Maya Moore admitted she was disappointed by the MVP voting, but she was gracious in her praise of Candace Parker, the Los Angeles star who won the award for the second time in her career Thursday.

In the closest voting since 2005, Parker edged Moore for the MVP with 238 points to Moore’s 218.

But, after shootaround Friday, Moore congratulated Parker.

“It’s an honor to be mentioned,” said Moore, who won the WNBA’s player of the month award for both August and September. “Obviously, Candace is a great. She has had an awesome year. She’s an amazing player and can do so many things on the floor and for her team. Moving on, it’s time to focus on the playoffs.”

Still, she admitted to a bit of disappointment. “Any time you’re up for an honor, and you don’t get it, you wish you could,” she said. “But I can only control what I can control. And what I can control is helping my team win a championship.’’

Teammate Rebekkah Brunson was disappointed for Moore as well. “I think she works hard,” Brunson said. “She’s one of the hardest-working players in this league. I think she does amazing things for this organization, this team, this city. But, again, you don’t have control over those things.''

It was a rather upbeat shootaround on the Target Center’s main floor this morning. The team got cupcakes for coach Cheryl Reeve, who turned 47 today. The team seemed loose.

But, they said, they are still focused on Seattle, especially in light of what happened in the WNBA playoffs Thursday, with home teams losing both games.

Phoenix beat Los Angeles and Washington beat up on Atlanta. Call it a cautionary tale.

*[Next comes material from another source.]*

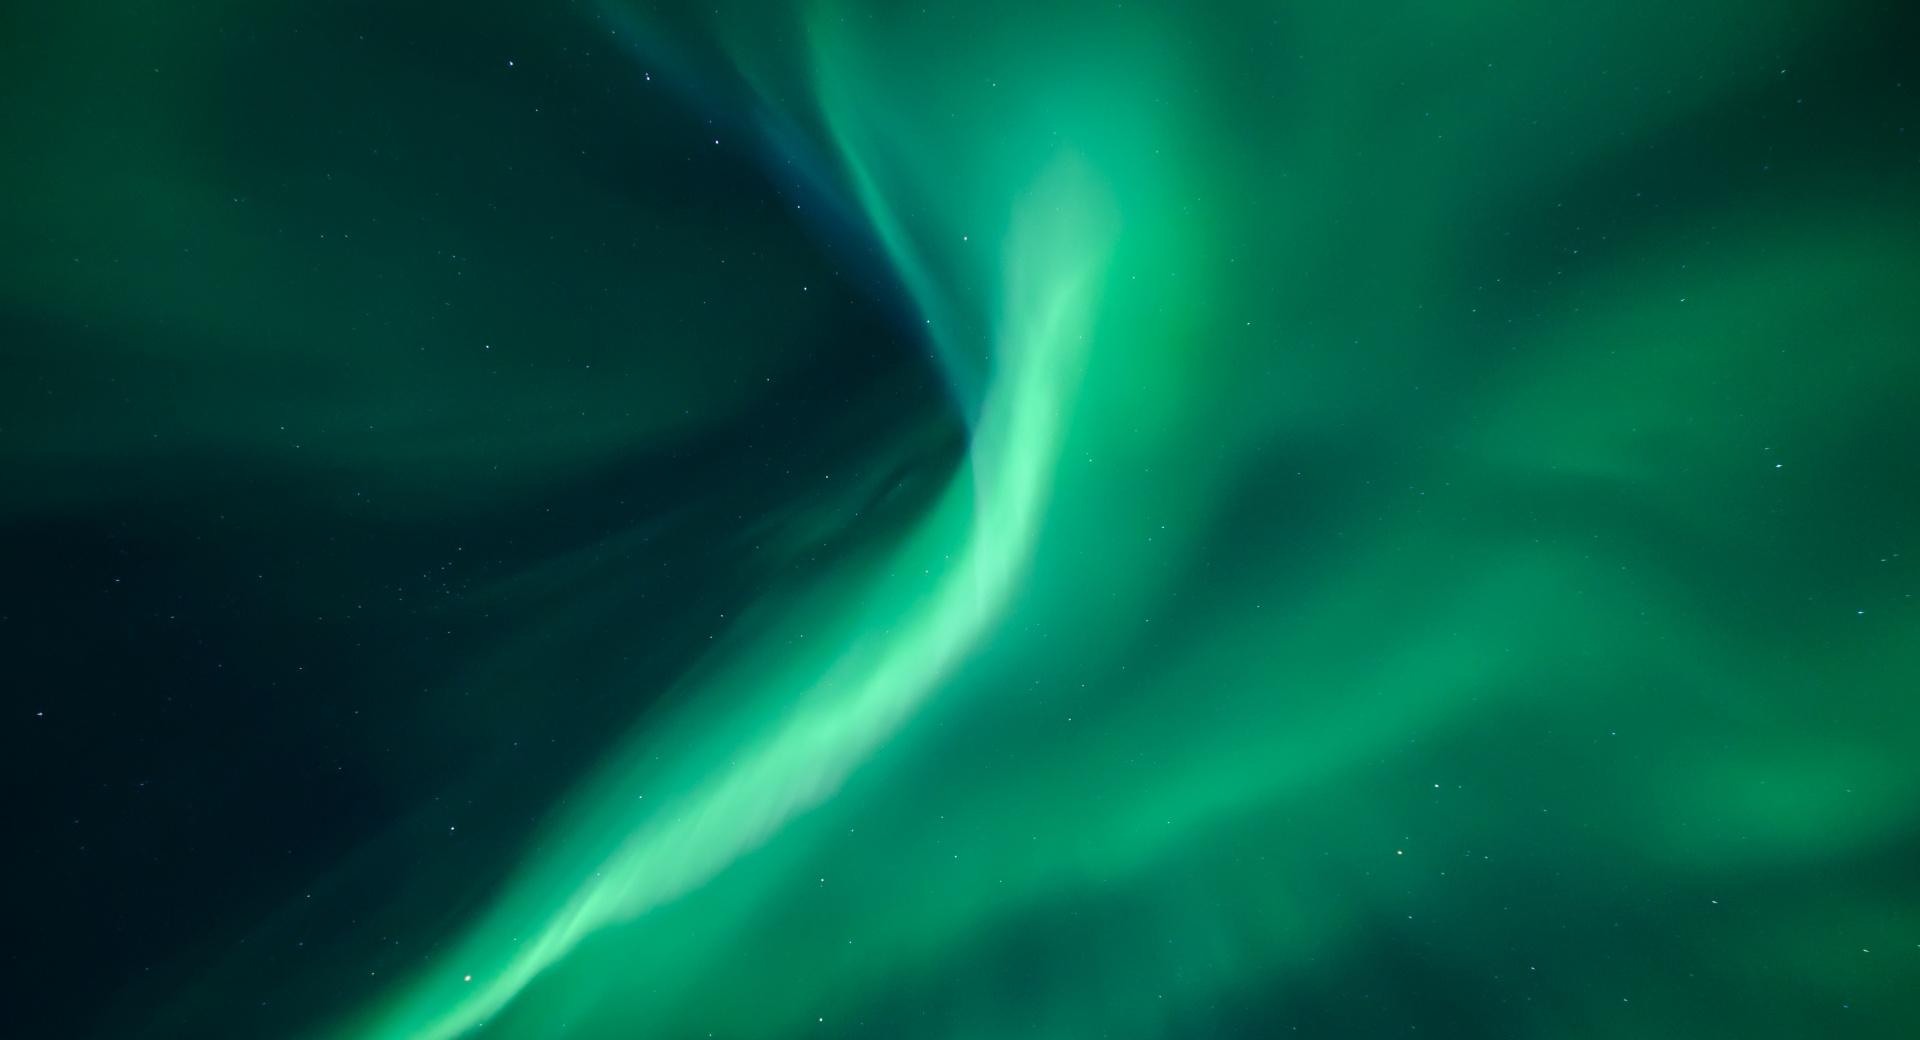 Northern Lights Alaska at 1280 x 960 size wallpapers HD quality
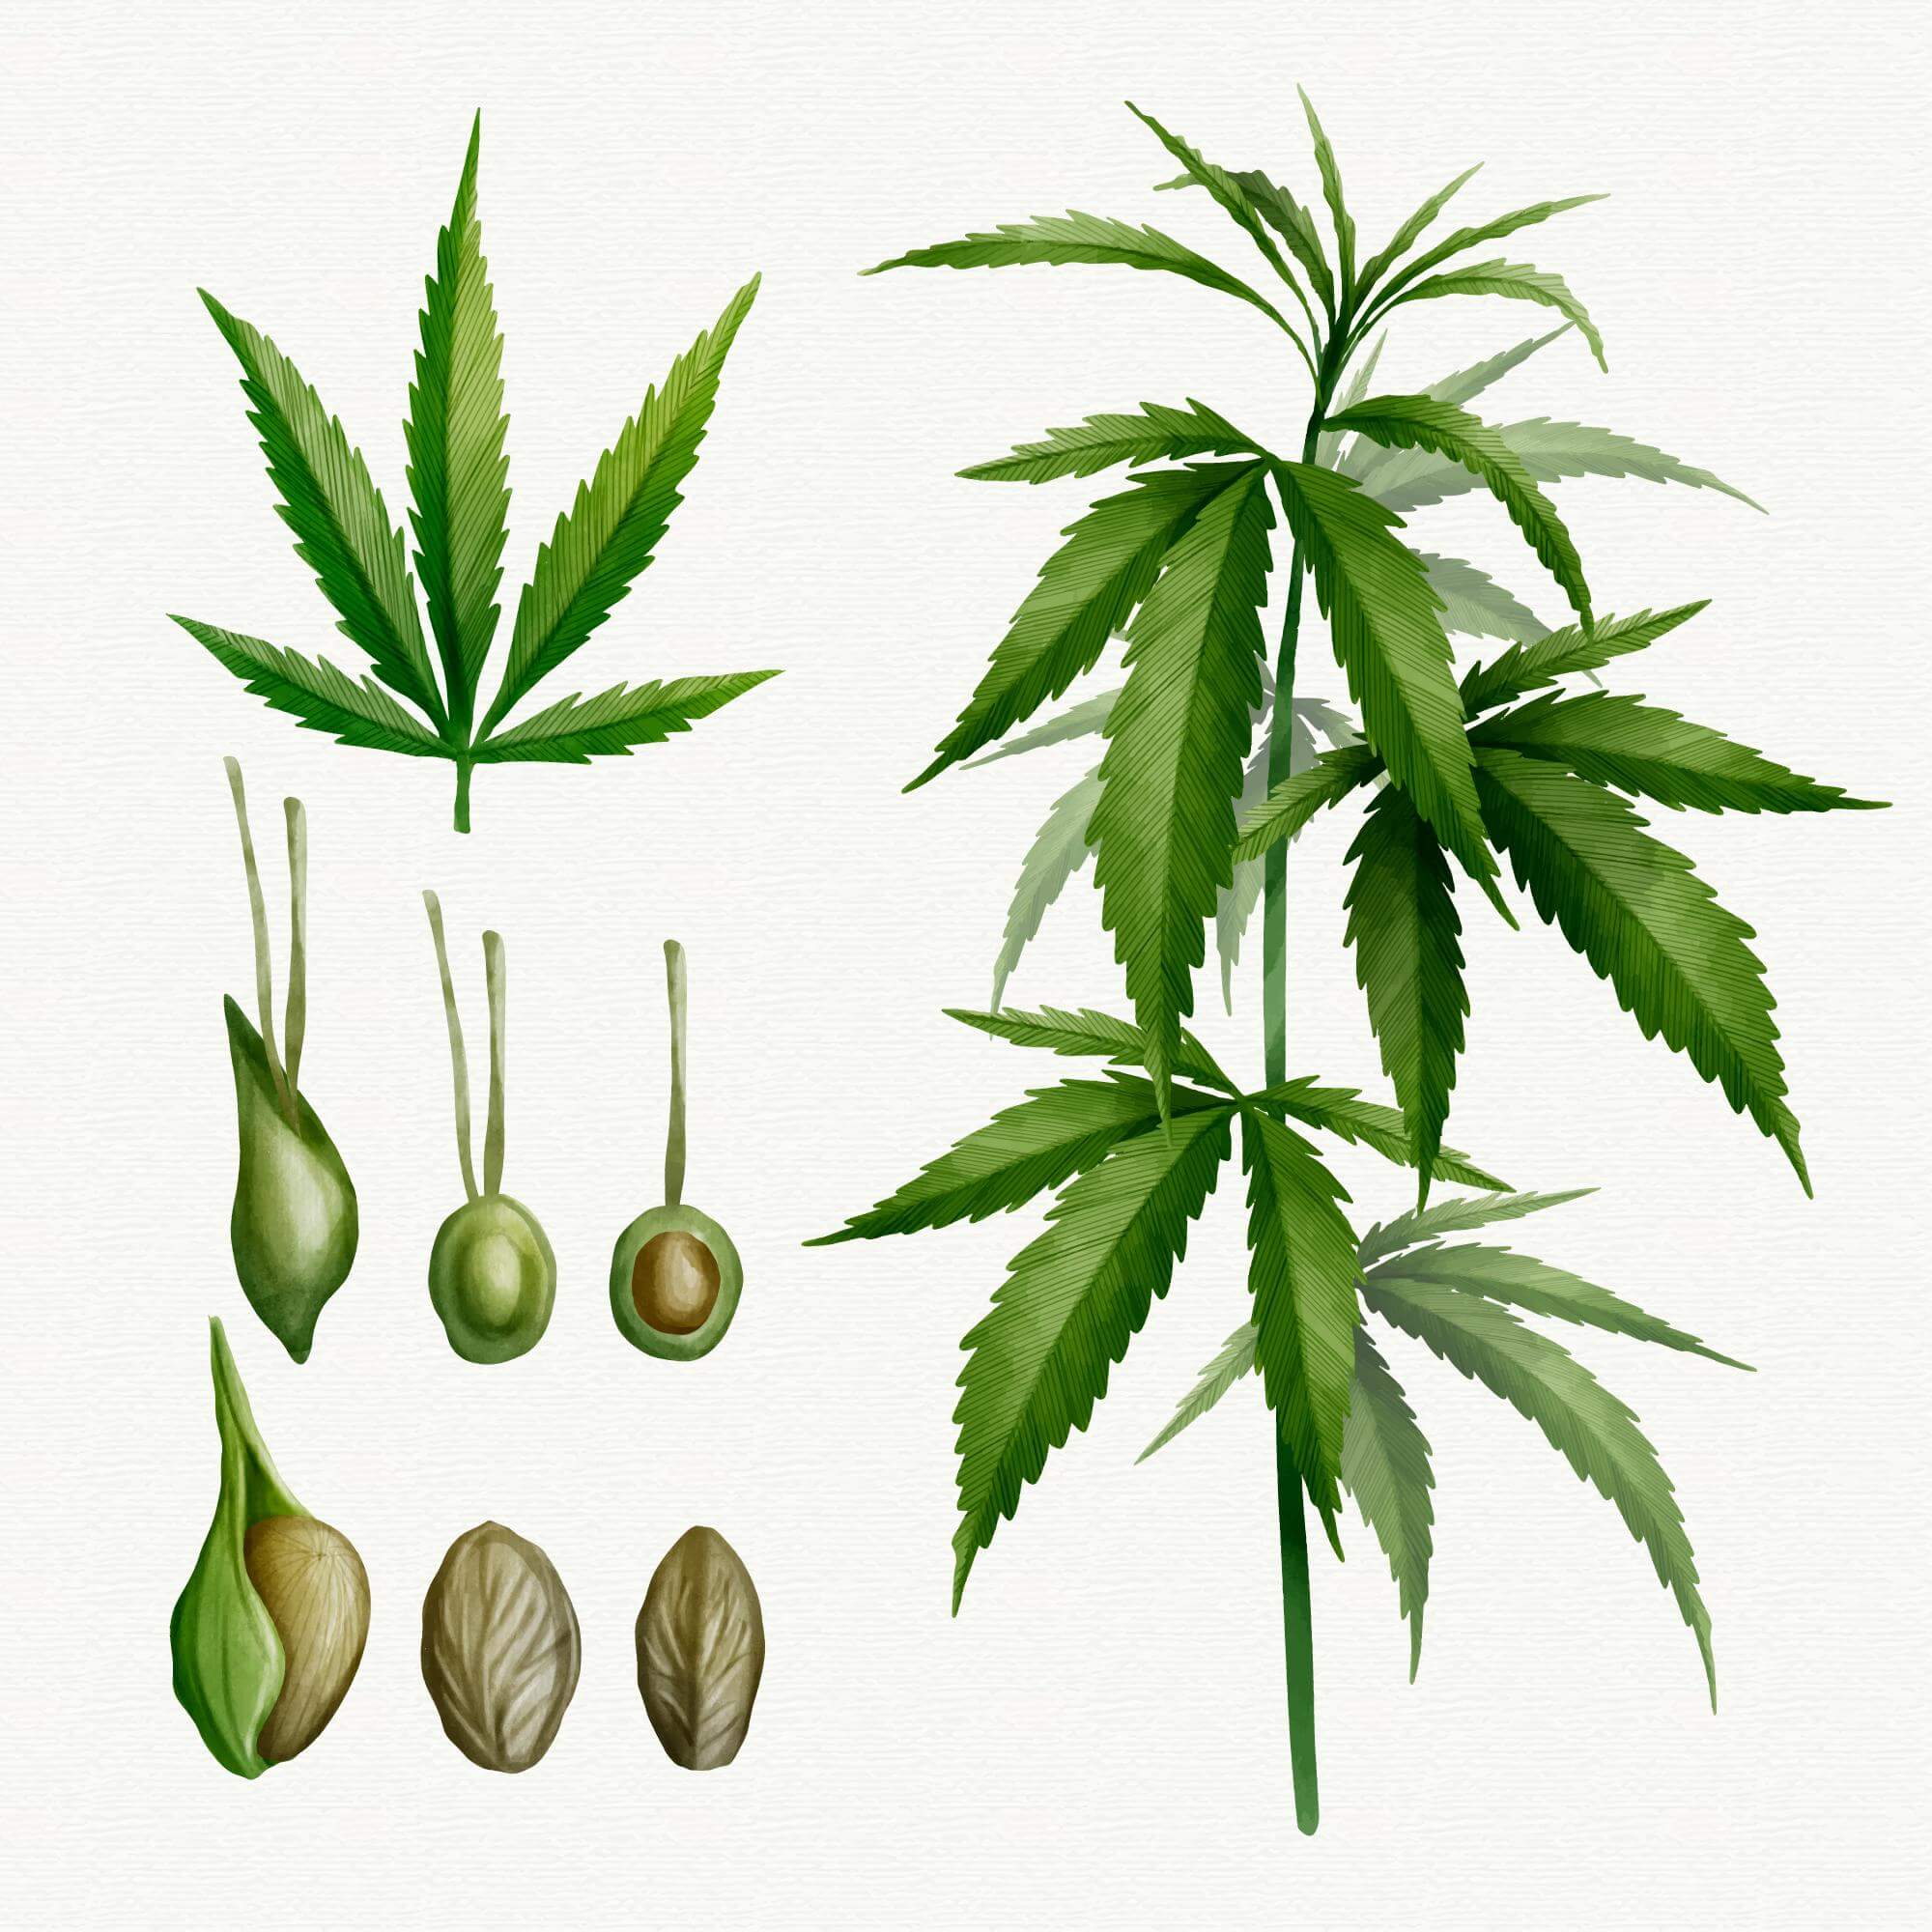 Hemp and Marijuana THC Distinctions

“Nothing is guaranteed,” Moore said. “It doesn’t matter what your ranking is, what happened in the regular season. All that matters is the game ahead of you. And we want to make sure we value every possession. I think that’s what we took away from those two games, valuing every possession and playing with poise.”

Said Brunson: “Two home teams got knocked off last night. We don’t want to be a third. We don’t want to put ourselves in that position. We know what kind of effort it takes. We know we can’t take any team for granted.”

Meanwhile, in other WNBA news:

--According to the league, the WNBA experienced double-digit growth in television viewership this season, had an increase in overall attendance and big-time growth in traffic on the league’s website.

League games on ESPN2 averaged 213,000 viewers, up 28 percent over 2011; the game between Chicago and Phoenix on opening day was the most-viewed WNBA regular season game since 2004, with 455,000 viewers.

Led by big attendance gains by Chicago (up 17 percent), Phoenix (9 percent) and Indiana (8 percent), the league saw a small overall gain in attendance, growing by one percent league-wide.

--And, how about the playoffs last night?

The Sparks took a 43-38 halftime lead on Phoenix Thursday, but the Mercury roared past the Sparks in the second half, led by Diana Taurasi, who scored 14 of her 30 points in the third quarter, as the Mercury took control. We shouldn’t be hugely surprised by this outcome; Phoenix has now given L.A. two of their last three losses at Staples Center. Parker played a strong game, but didn’t get much help; Kristi Toliver missed her first 10 shots and finished with just two points and Nneka Ogwumike was held to eight points. L.A. wasn’t exactly dominant on the road during the regular season – they were 9-8 – and it looks like Taurasi is very focused.So the Sparks could be in trouble.

Meanwhile, in Atlanta, the Mystics – the turnaround story of the season – pounded Atlanta. It appears Washington has figured Atlanta out; the Mystics have won the last three games between the two teams, and now they go home to try to finish off their first playoff series in three seasons. The key to beating the Dream, of course, is slowing down Angel McCoughtry, who led the league in scoring. Thursday she had 20 points, but she missed 12 of her first 14 shots. Afterward, McCoughtry was typically frank. “If we’re not upset right now and embarrassed on national television, then we might as well go home now and not show up in D.C.,” she said. “Right now needs to be the turning point, this very moment.”

That’s it for now. I’ll get back to you before the game.